Bilindiği üzere, beden mezârda çürüyüp, toprak olunca veya yanıp kül
olunca, yahut yırtıcı hayvan yiyip yok olunca, ruh yok olmaz.
Aklı ölçü alan Mutezile fırkası ve onların yollarında olan diğer bazı bozuk
fırkalar, kabir hayatını ve kabir azâbını maalesef inkâr ediyorlar. Ehl-i
sünnet âlimleri ise, kabir azâbının hak olduğunu vesîkalarla bildirmişlerdir.

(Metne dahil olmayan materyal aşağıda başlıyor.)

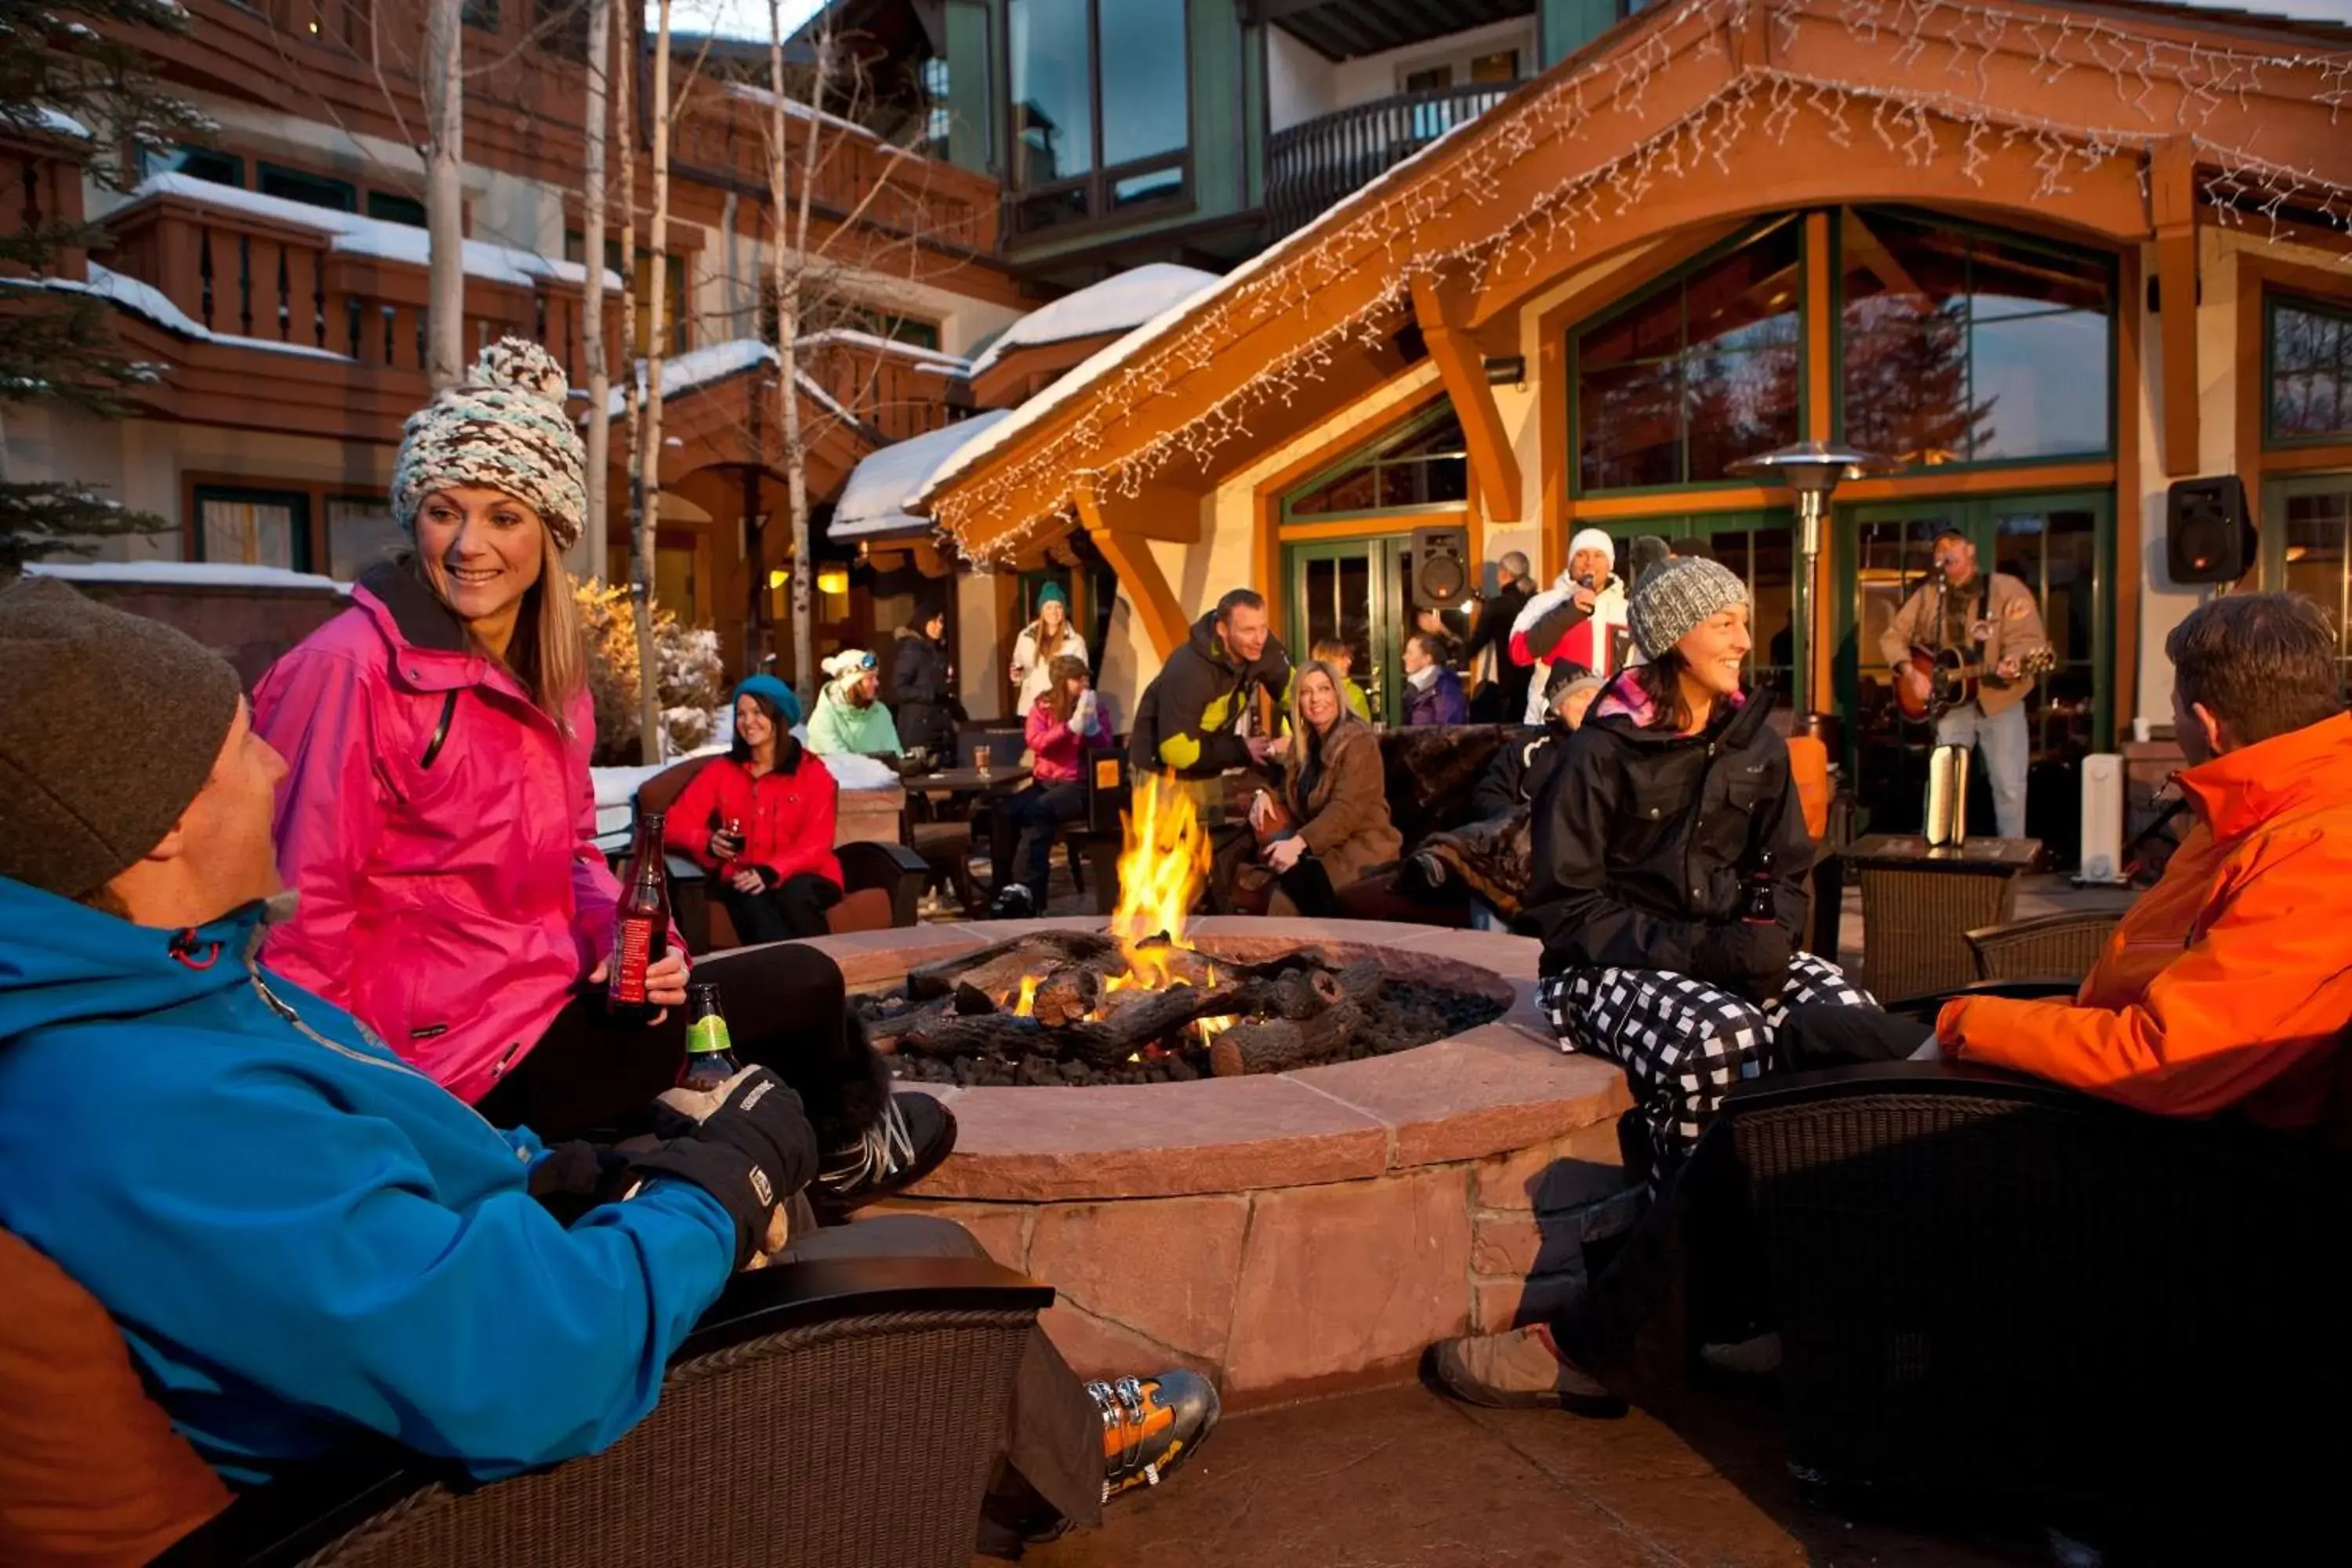 People in Lodge at Vail, A RockResort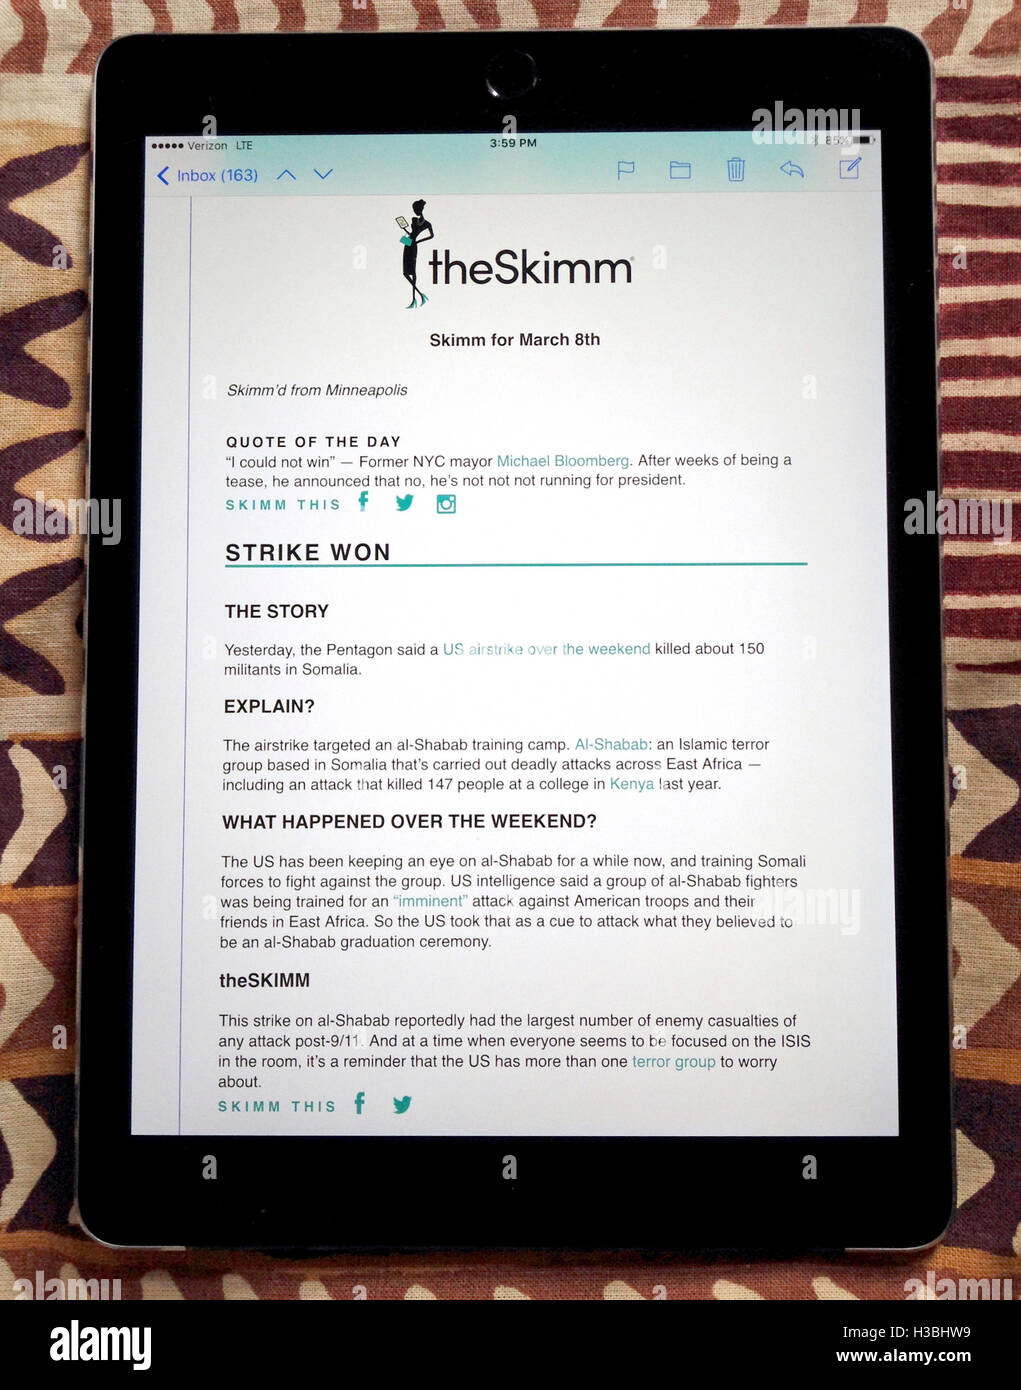 theSkimm, an email newsletter with daily editorial content. Stock Photo

“Kabir azâbı vardır. Kabir azâbı hem rûha, hem de bedene olacaktır.” (İmâm
Muhammed bin Hasen Şeybânî)
“Kabir azâbı rüyâ gibi değildir. Kabir azâbı, azâbın görüntüsü değildir,
azâbın kendisidir, âhiret azaplarındandır. Dünyâ azâbına benzemez.
Dünya azapları, âhiret azapları yanında hiç kalır.” (İmâm-ı Rabbânî)
Aklın almadığı şeyleri, akılla çözmeye kalkışmak çok yanlıştır.
Akıl, göz gibi, dîn bilgileri de ışık gibidir. Göz, ışık olmadıkça, karanlıkta
göremez. Göz, karanlıkta göremediği şeylere "Yok" diyemez. Akıl da,
maneviyâtı, fizik-ötesini anlayamaz. Allahü teâlâ, aklımızdan faydalanmamız
için, dîn ışığını gönderdi. Göz, ışık olmadan karanlıkta cisimleri göremediği
gibi, dîn bilgileri olmadan da akıl, manevî şeyleri anlayamaz. O hâlde akıl,
dîn ışığı ile ancak manevî şeyleri anlayabilir.
İmâm-ı Gazâlî buyuruyor ki:
"Ölümü hatırlamak ve ölüden ibret almak için kabir ziyâret etmek ve
sâlihlerin, velîlerin kalblerinden bereketlenmek müstehâbdır."
Hacı Bayram-ı Velî buyurmuştur ki:
"Dünya gamından, nefsin sıkıştırmasından hafifleyip kurtulmak istiyorsanız, kabristanları sık sık ziyâret ediniz."